I know - I love it!  I got an entire chicken in that offer before Christmas, and that alone was priced at €9 or thereabouts.  Getting a side dish, a dessert and juice (instead of the wine) for the extra €3.50 was excellent value.

Interesting point, Mers1, about what happens if buying more than 1 meal deal.  I would have thought that their tills could recognise the offer and price accordingly, but this is obviously not the case.  I haven't had a problem when buying a single meal along with other shopping - the deductions were made.  Shall have to watch my receipts if buying a couple of meals.


----------



## joanmul (16 Jan 2009)

I have bought more than 1 meal deal and had no problem.


----------



## shesells (17 Jan 2009)

I saw it last night.
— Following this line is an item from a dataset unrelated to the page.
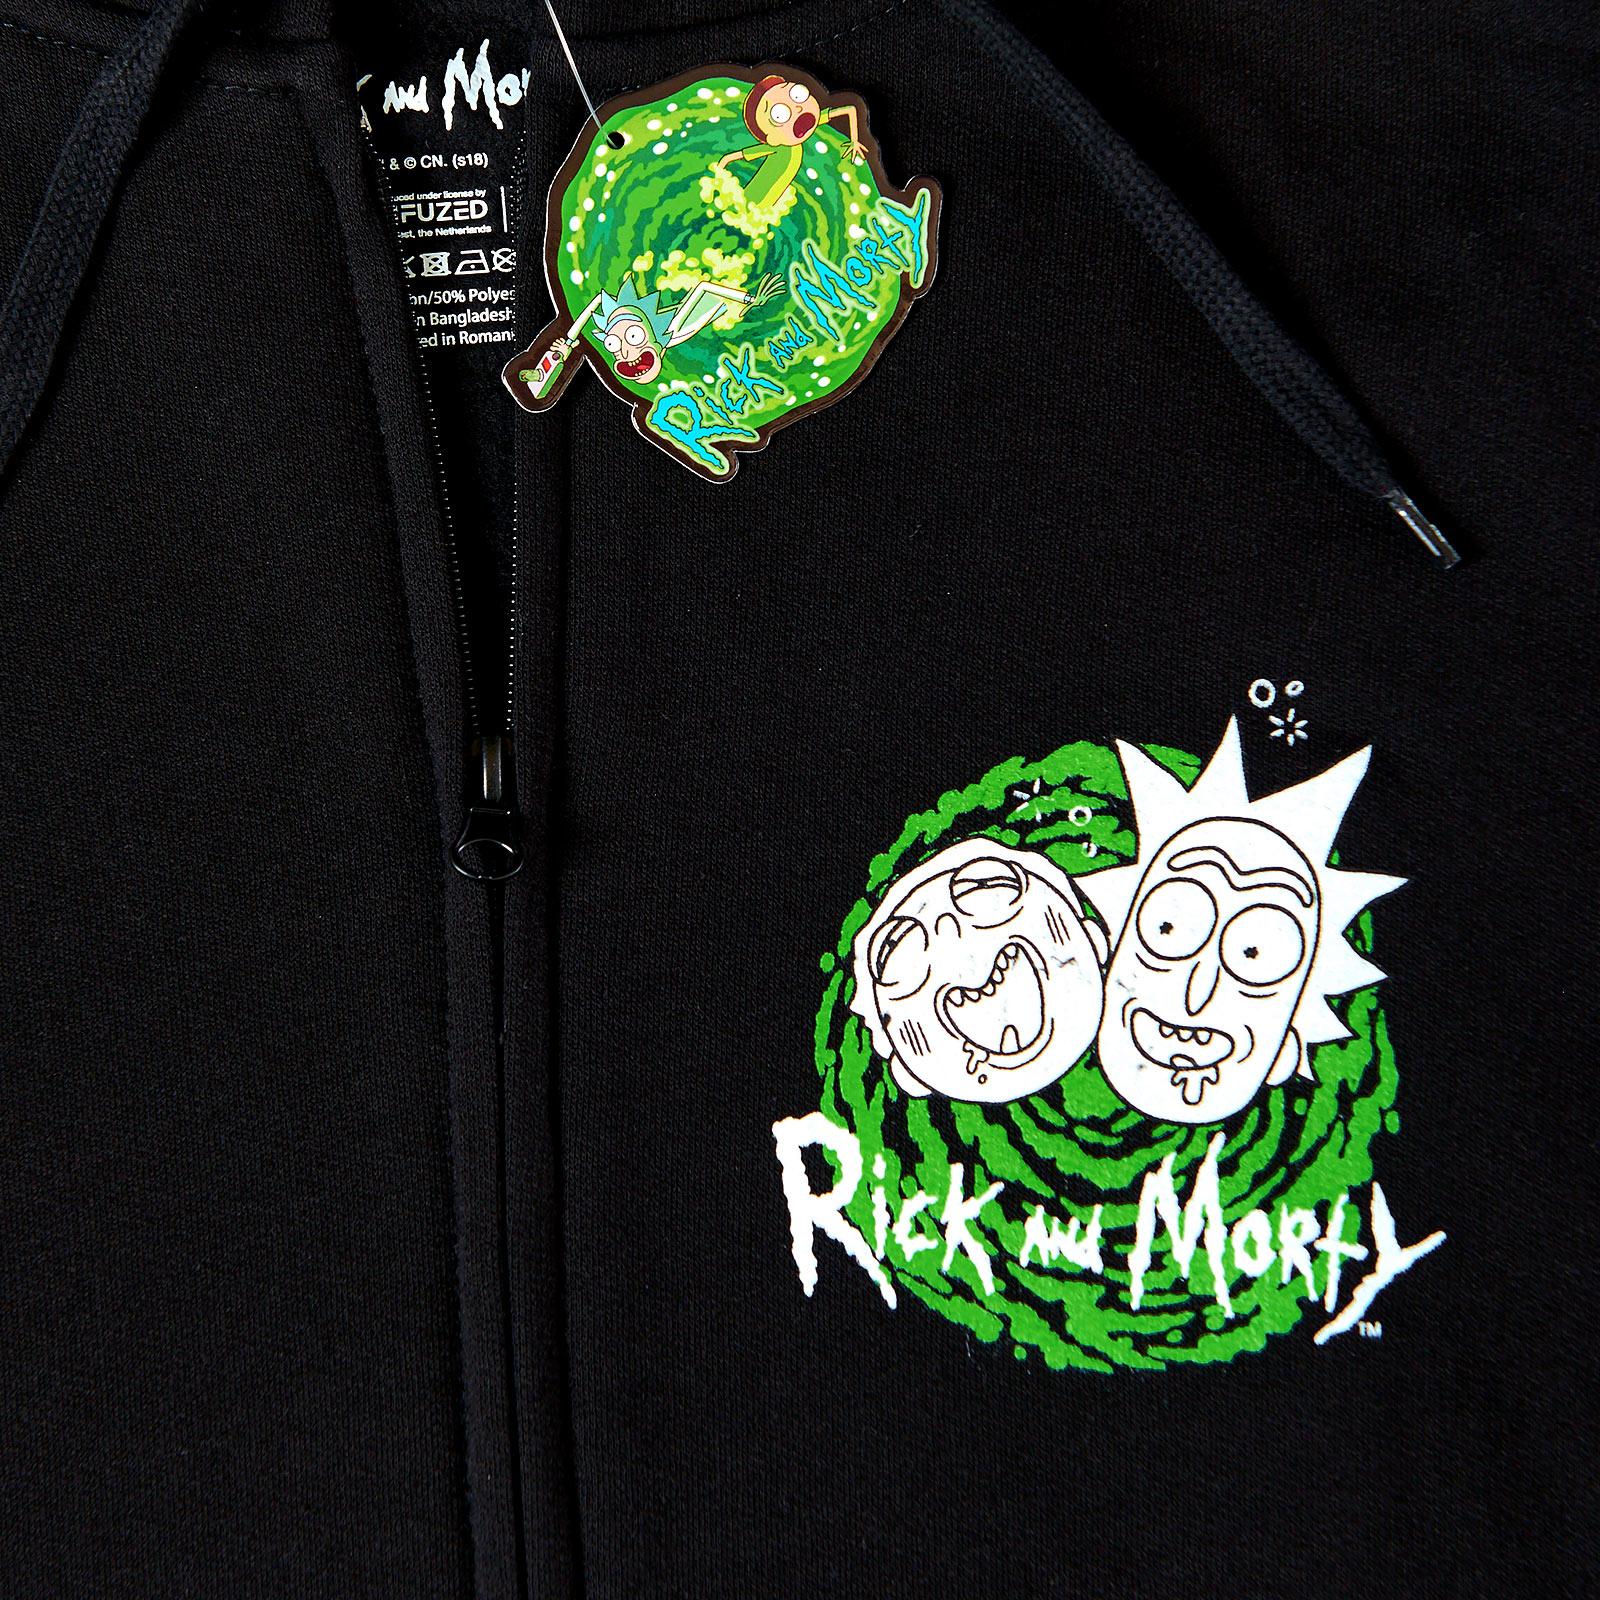 Rick and Morty - Riggity Wrecked Kapuzenjacke schwarz

They definitely had chickens, also gammon. Can't remember what other meat dishes. Loads of sides, desserts included ricotta cheesecake slices, apple pie and melting chocolate pudding.

As an aside, I have found lots of M&S stuff to be cheaper than the main supermarkets lately. Bagels are at least 20c cheaper per pack of 5 than Tesco, a litre of mixer (soda, tonic, ginger ale etc) was less than 50c, almost half the price of other supermarkets. Loose fruit and veg is well priced too.


----------



## getoffthepot (17 Jan 2009)

M&S gave out vouchers recently for 7 euro off food if you spend 35 or more so bought 3 of these for 30.50.!!!


----------



## Nutso (18 Jan 2009)

I got the chicken with pesto/mozzerella & spinach last night and it was delicious!  Also got the new potatoes and apple pie.  Wanted to get the OJ instead of the wine but they didn't have any but offered me a box of mint chocolates instead.  It was all fab.
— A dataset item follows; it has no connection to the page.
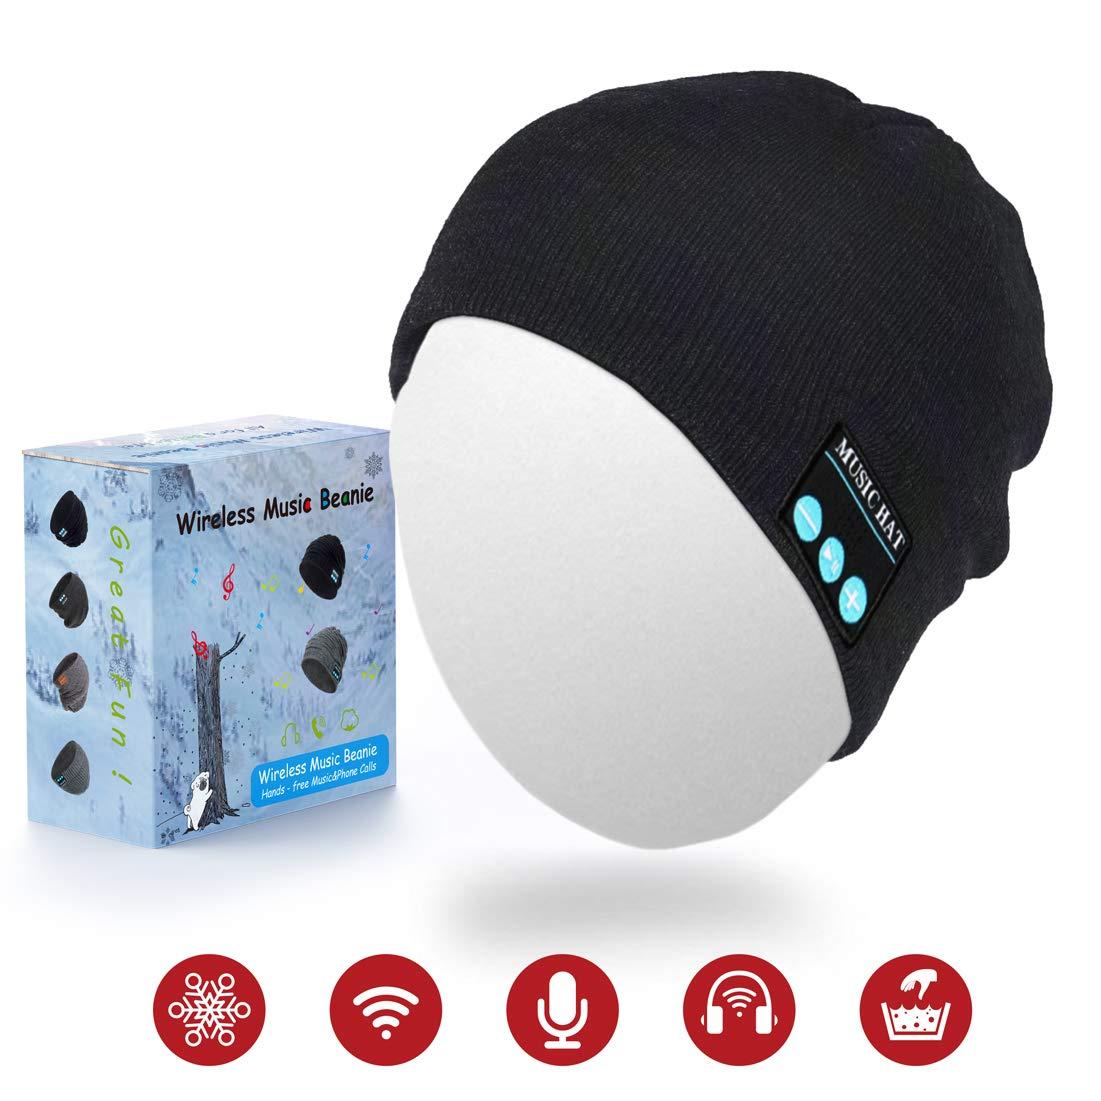 0daef8770 Humenn Bluetooth Beanie Hat, Wireless Smart Headphone Premium Knit Cap with  Speaker & Mic, Unisex Headset Musical Cap for Outdoor Sports - Cool Beanie  ...

Would like if they would do it without the wine though as I don't drink much at home so would rather not include it.


----------



## brodiebabe (18 Jan 2009)

I had the chicken, roasted veg & fruit salad.  All delicious.

And I love the way wine comes with the offer!


----------



## nesbitt (27 Jan 2009)

Okay guys you have convinced me.  Didn't know you could get other goods if not availing of the wine...  

I love M&S Pepperoni pizzas, Oakham chickens, double gloustershire cheese.  Making myself hungry now....


----------



## brodiebabe (28 Jan 2009)

When is it back on?


----------



## Celtwytch (29 Jan 2009)

Not sure when it will be back on again - I just noticed it that day.  Although if they follow what they did before Christmas and do it every second weekend, then that would suggest that it would be happening this weekend.  If anyone is near an M&S today perhaps they can report on whether or not it's on.


----------



## Ciaraella (29 Jan 2009)

Just rang Mary Street there and the lady i spoke too said she thinks it's on this weekend (thursday to sunday). I'll be popping down at lunch so i'll let y'all know if it's on!


----------



## Celtwytch (29 Jan 2009)

Thanks, Ciaraella


----------



## Ciaraella (29 Jan 2009)

Hi all, 
offer is on, some lasagne, sea bass, meatballs and potatoe sides. Unlucky for me i was refused at the till because i had no id for the wine, i'm 26! Back after work to try again.


----------



## jhegarty (29 Jan 2009)

Ciaraella said:


> i'm 26! .



The day to feel upset is that day that stop asking


----------



## Ciaraella (29 Jan 2009)

i know they have to follow the rules but i was so angry! i mean what 17 year old trying to buy drink also buys fish, meatballs and salad!! anyway that's a bit off topic, they wine does look lovely, pinot grigio and a sicilian redwine that i haven't tried before so looking forward to it if i ever get my hands on it!


----------



## Smashbox (29 Jan 2009)

Ciaraella said:


> Hi all,
> offer is on, some lasagne, sea bass, meatballs and potatoe sides. Unlucky for me i was refused at the till because i had no id for the wine, i'm 26! Back after work to try again.


 
I get that all the time.. even for cigarettes that I buy for other people - my mam, my brothers etc. I'm 26 and they still ask for ID. Kinda annoying when I can see the wrinkles myseld!


----------



## Ciaraella (29 Jan 2009)

Success second time round anyway, sea bass, meatballs, broccoli and asparagus in a caeser dressing, dauphinoise potatoes, fruit tarts, lemon pie and two bottles of wine for €25, bargain! and no mention of id


----------



## michaelm (29 Jan 2009)

Ciaraella said:


> Unlucky for me i was refused at the till because i had no id for the wine, i'm 26! Back after work to try again.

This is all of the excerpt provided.